» Requirement
Would you transcribe the listing exactly as it stands, minus any images?

» Collected data
↓↓↓

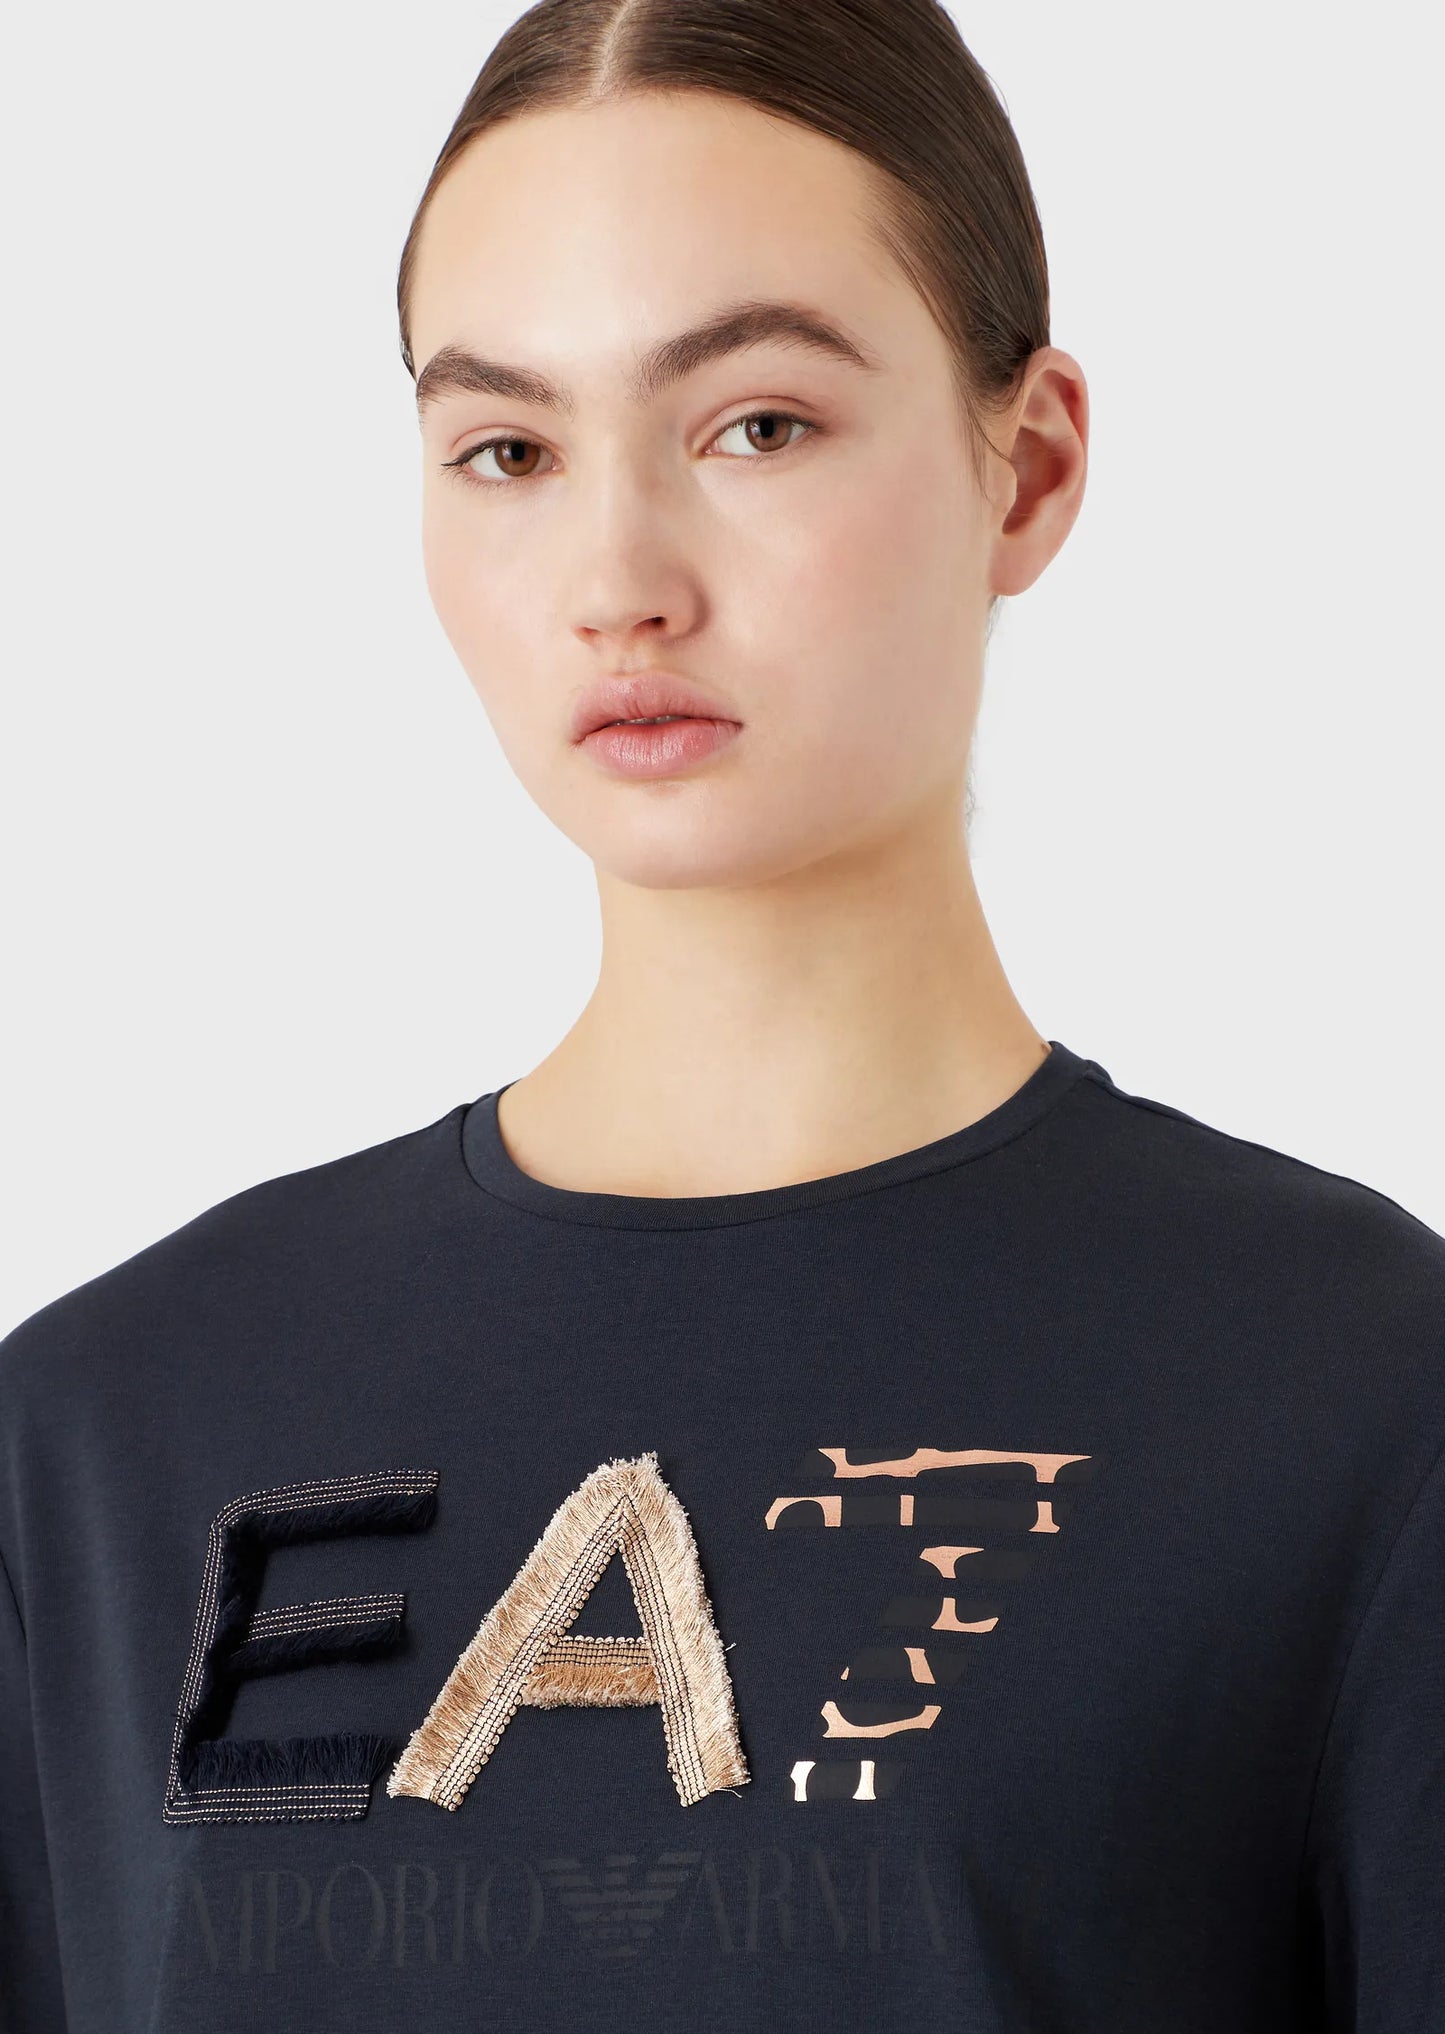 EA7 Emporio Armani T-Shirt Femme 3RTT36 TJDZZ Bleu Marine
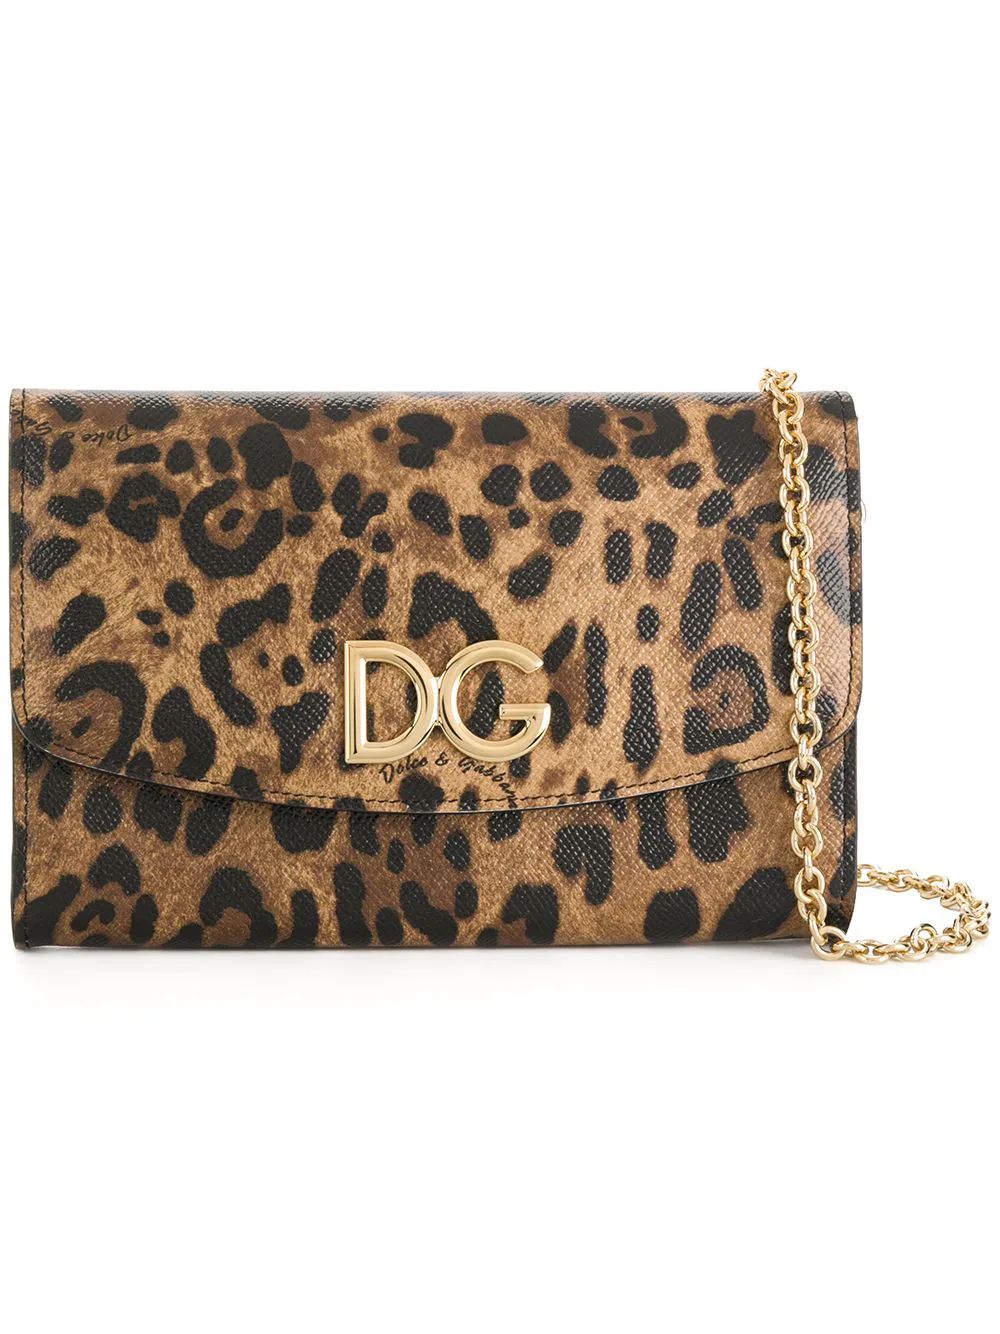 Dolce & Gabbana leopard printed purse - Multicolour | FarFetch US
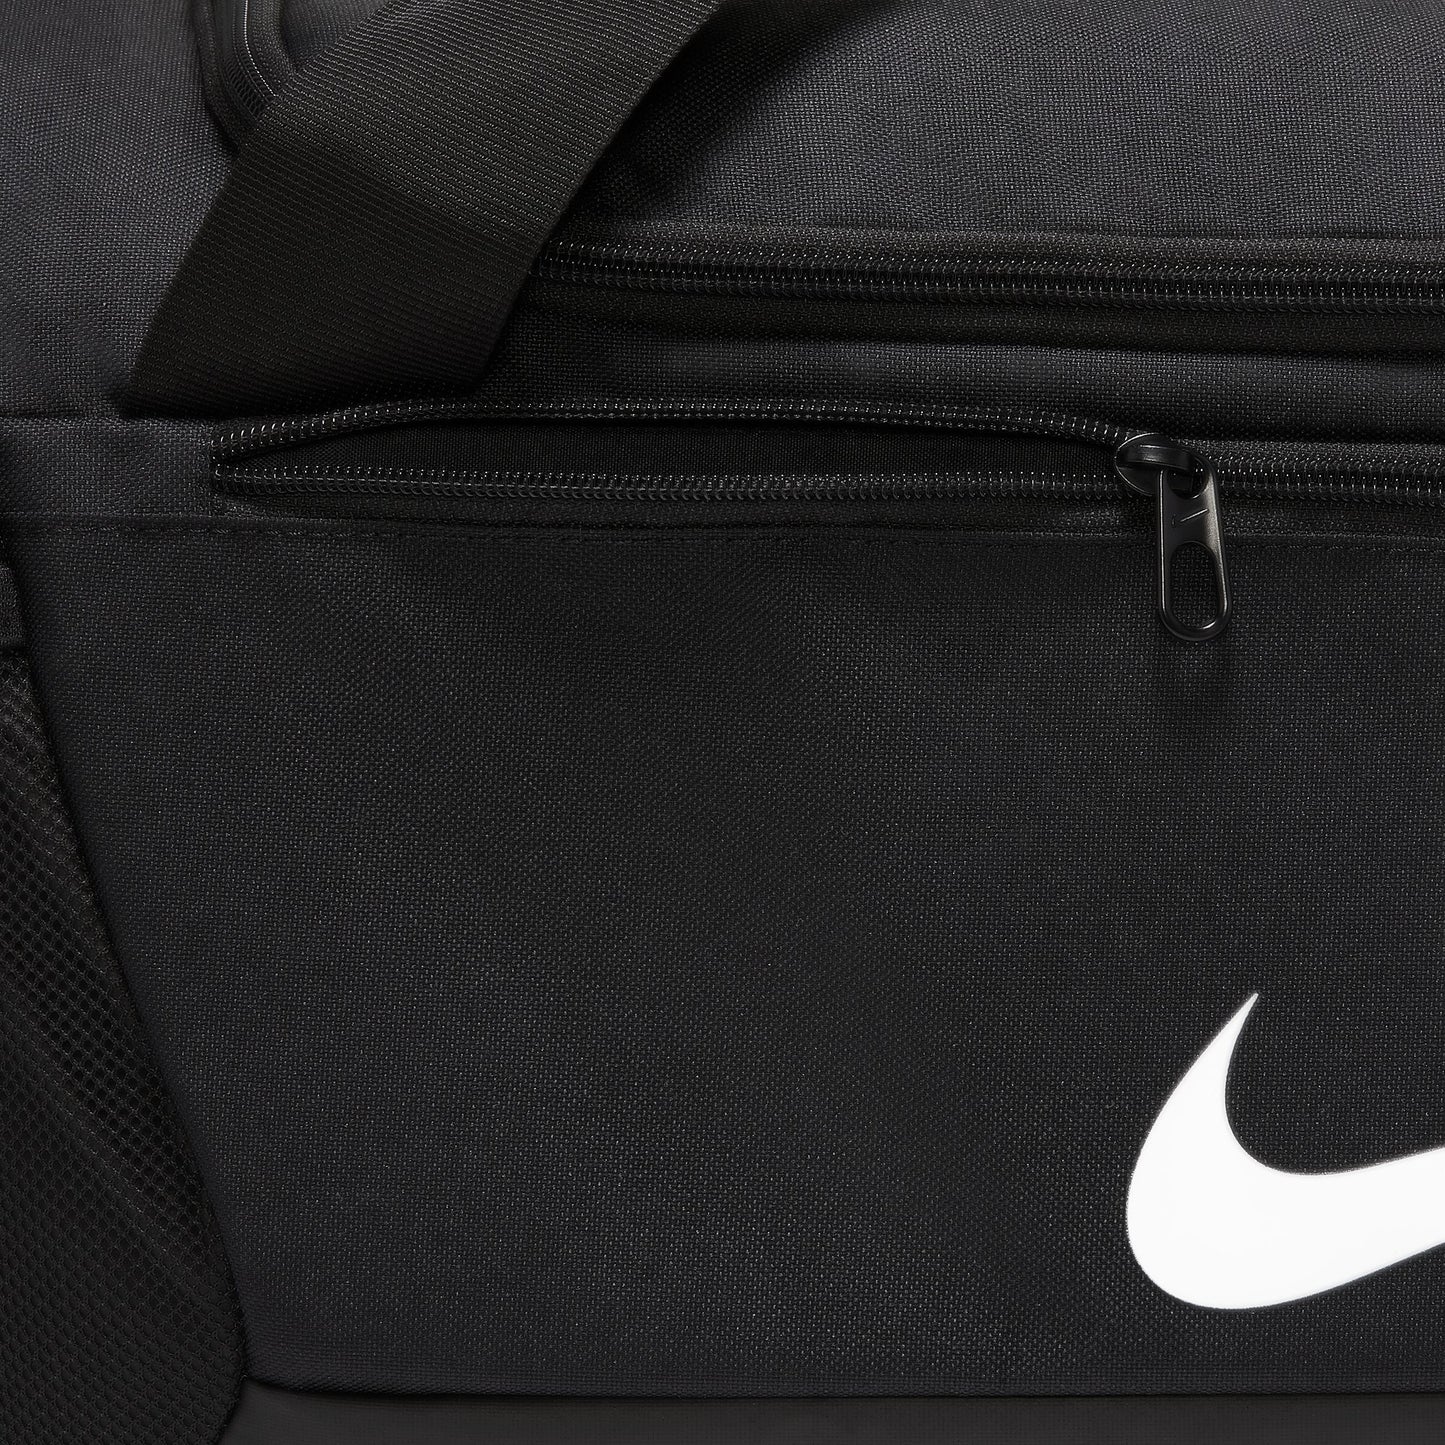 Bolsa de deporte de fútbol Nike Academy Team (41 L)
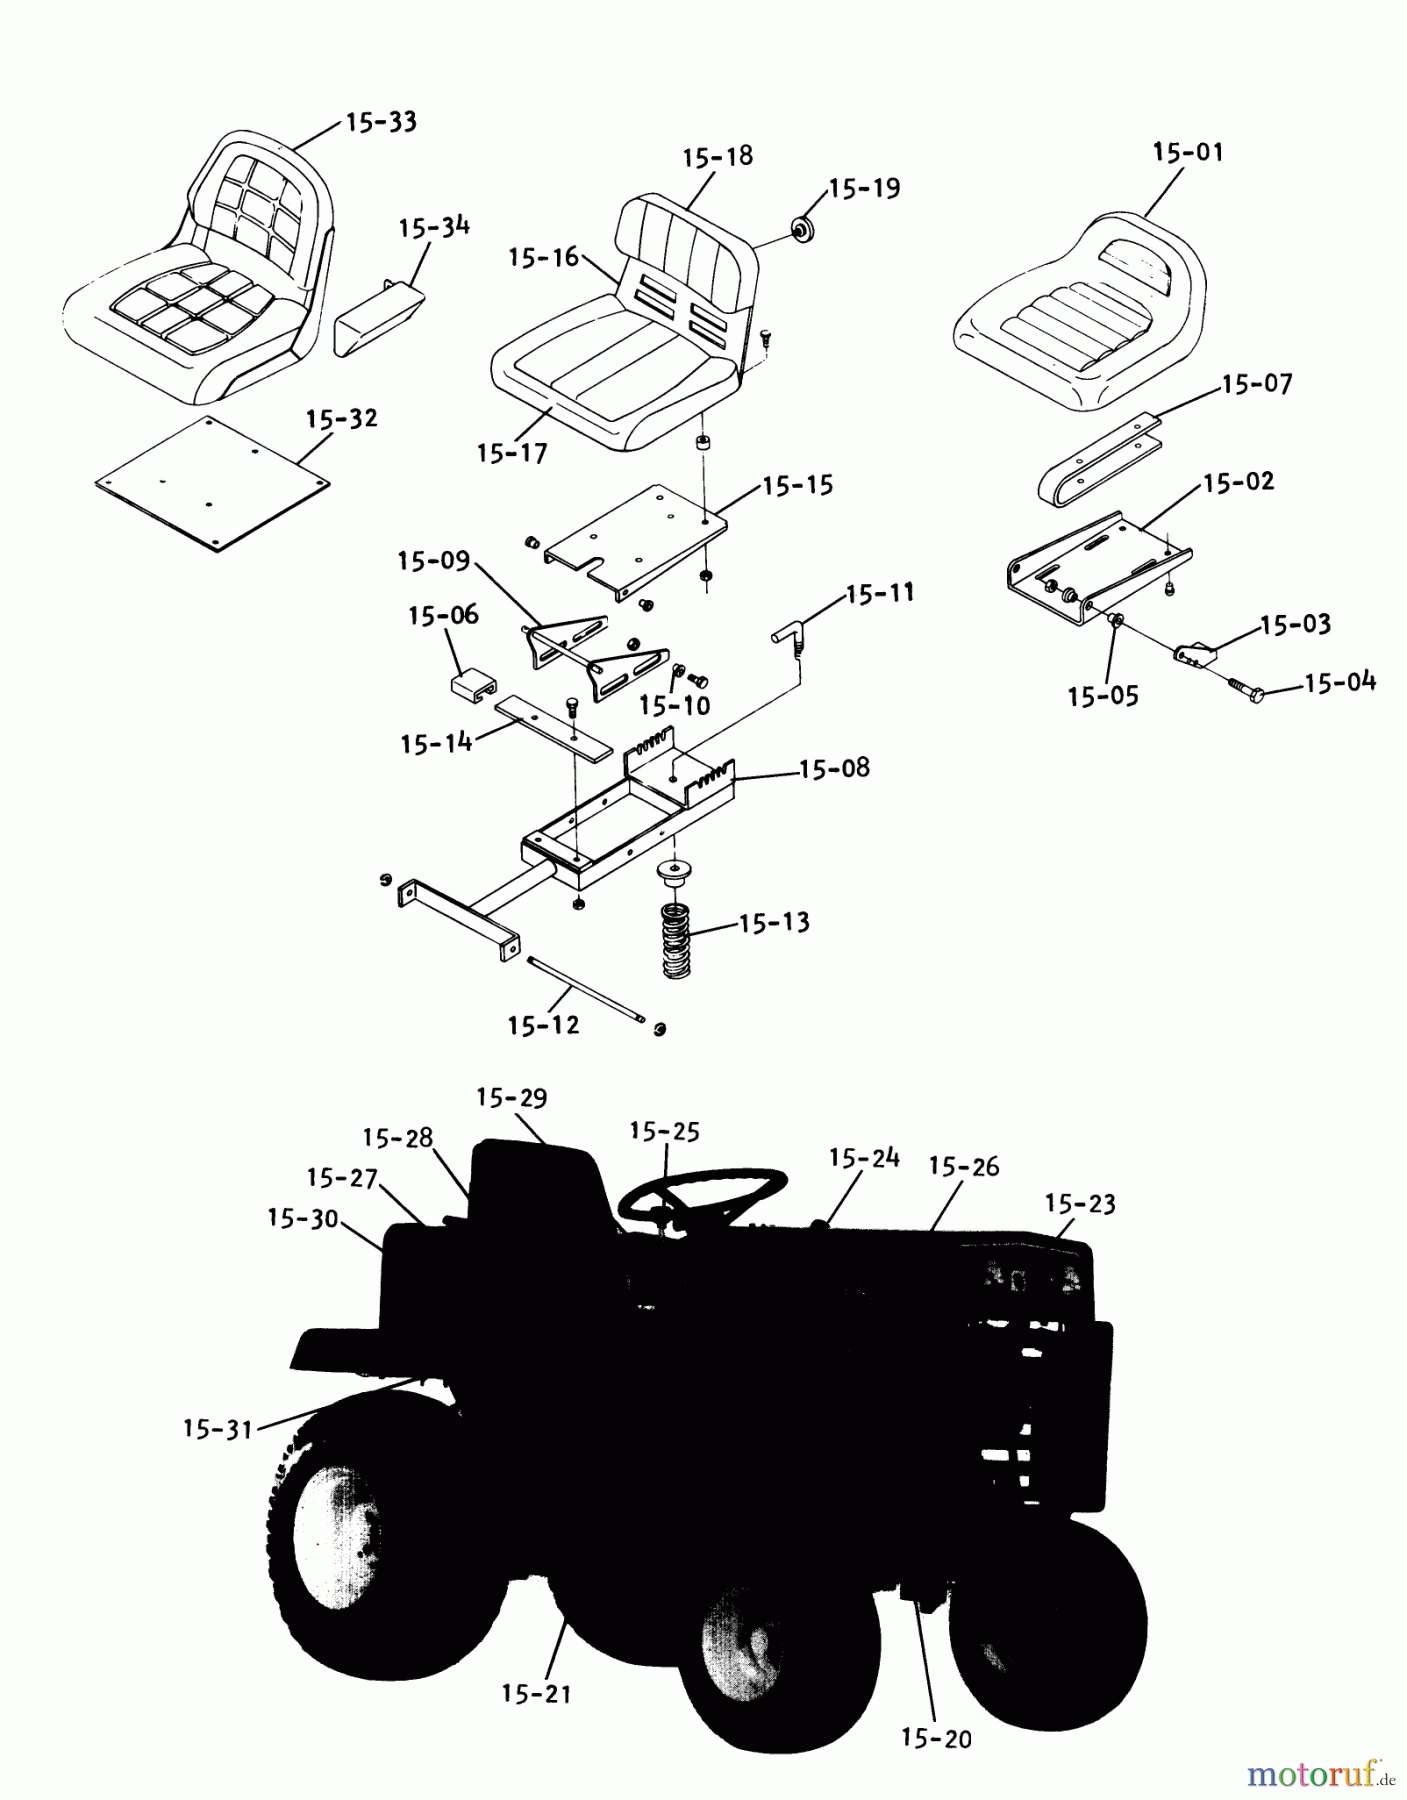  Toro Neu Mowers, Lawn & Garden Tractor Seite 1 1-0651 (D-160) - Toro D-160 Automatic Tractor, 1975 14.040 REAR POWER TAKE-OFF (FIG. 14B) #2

↑↑↑

» Finished exercise
 EA7 Emporio Armani T-Shirt Femme 3RTT36 TJDZZ Bleu Marine
 Dolce & Gabbana leopard printed purse - Multicolour | FarFetch US
 Bolsa de deporte de fútbol Nike Academy Team (41 L)
  Toro Neu Mowers, Lawn & Garden Tractor Seite 1 1-0651 (D-160) - Toro D-160 Automatic Tractor, 1975 14.040 REAR POWER TAKE-OFF (FIG. 14B) #2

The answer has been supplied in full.